W I kwartale grupa Alchemii miała 264 mln zł przychodów i 15,6 mln zł zysku netto. To odpowiednio dwa i dziesięć razy więcej niż w analogicznym okresie 2010 roku. Tak znaczna poprawa to efekt niskiej ubiegłorocznej bazy, poprawy koniunktury w tym roku oraz konsolidacji wyników Rurexpolu począwszy od stycznia 2011 roku.
- Wyniki za I kwartał oraz kwiecień i maj pozwalają stwierdzić, że kryzys w naszej branży minął już na dobre - podsumowała Karina Wściubiak Hankó, prezes Alchemii. - Wyraźnie wzrósł popyt, spółki mają obłożenie, wszystkie są na plusie - dodała.

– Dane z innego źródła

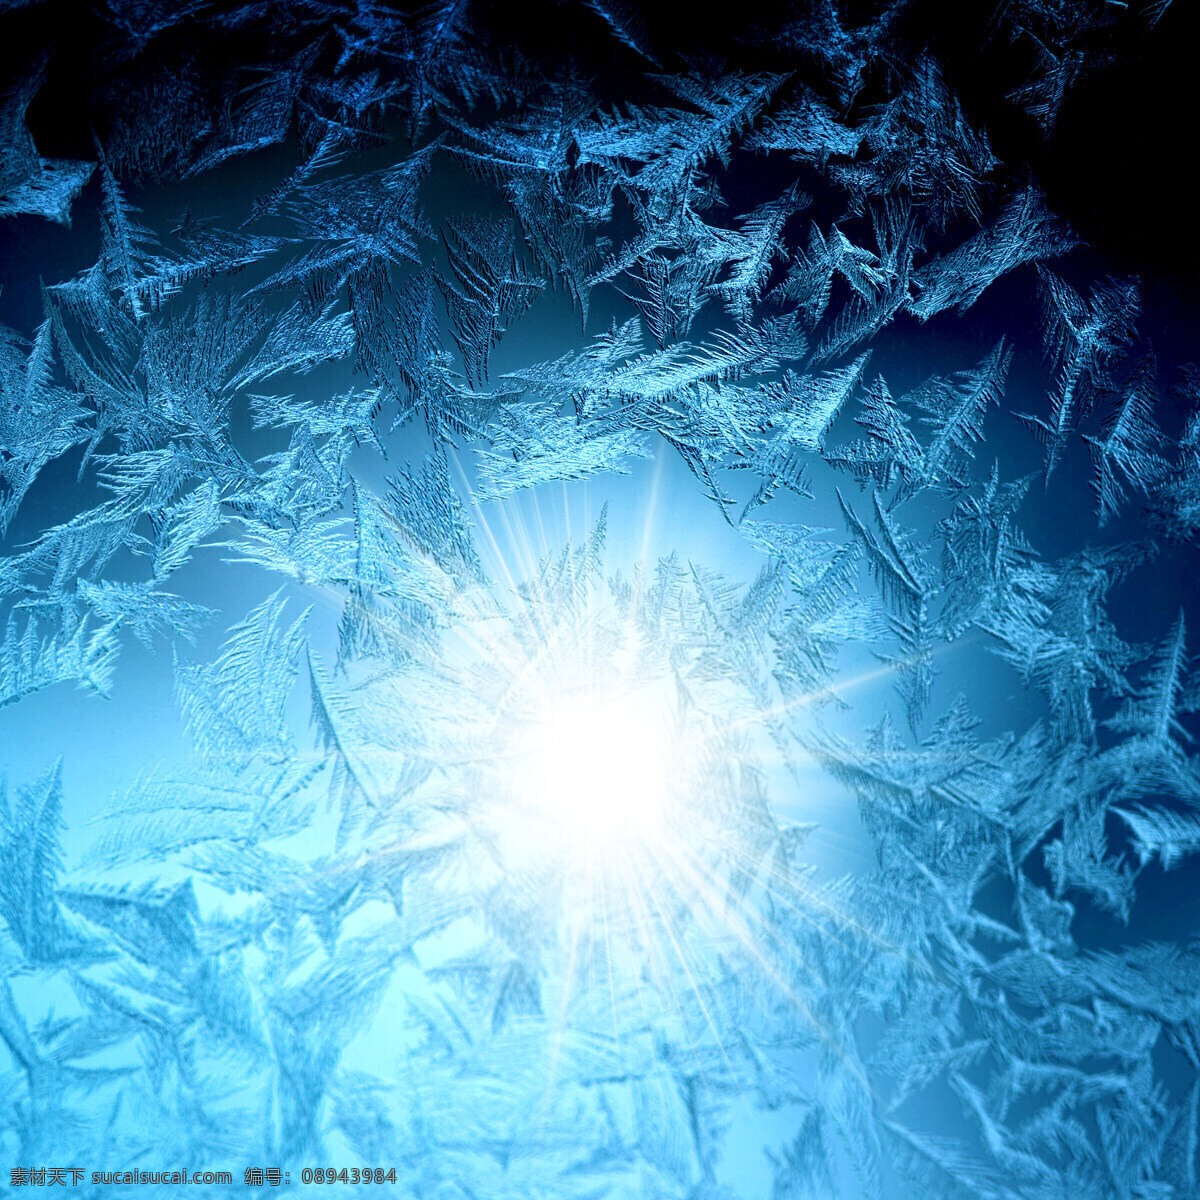 寒冷 冬天 冰凌 背景 图 阳光 素材背景 背景图片 广告背景 高清图片素材 设计素材 青色 天蓝色

Firma rozważy publikację prognozy wyników finansowych na 2011 rok. - Jeśli się na to zdecydujemy, ogłosimy ją pod koniec maja - powiedziała Wściubiak. 2010 rok grupa zamknęła 671 mln zł obrotów i 14,8 mln zł czystego zarobku.
Prezes zapowiedziała, że w tym roku rozpocznie się integracja grupy. Alchemia, która do tej pory pełniła funkcję holdingu, przejmuje teraz prowadzenie sprzedaży od Huty Batory i Rurexpolu. Docelowo do końca roku podmioty te mają zostać wchłonięte przez Alchemię i funkcjonować na zasadach oddziałów. Kolejnym etapem będzie analogiczna integracja Huty Bankowej i Kuźni Batory.
- Ma to usprawnić zarządzanie, zapewnić oszczędności, wzmocnić pozycję negocjacyjną z dostawcami wsadu i poprawę efektywności sprzedaży - podsumowała Wściubiak.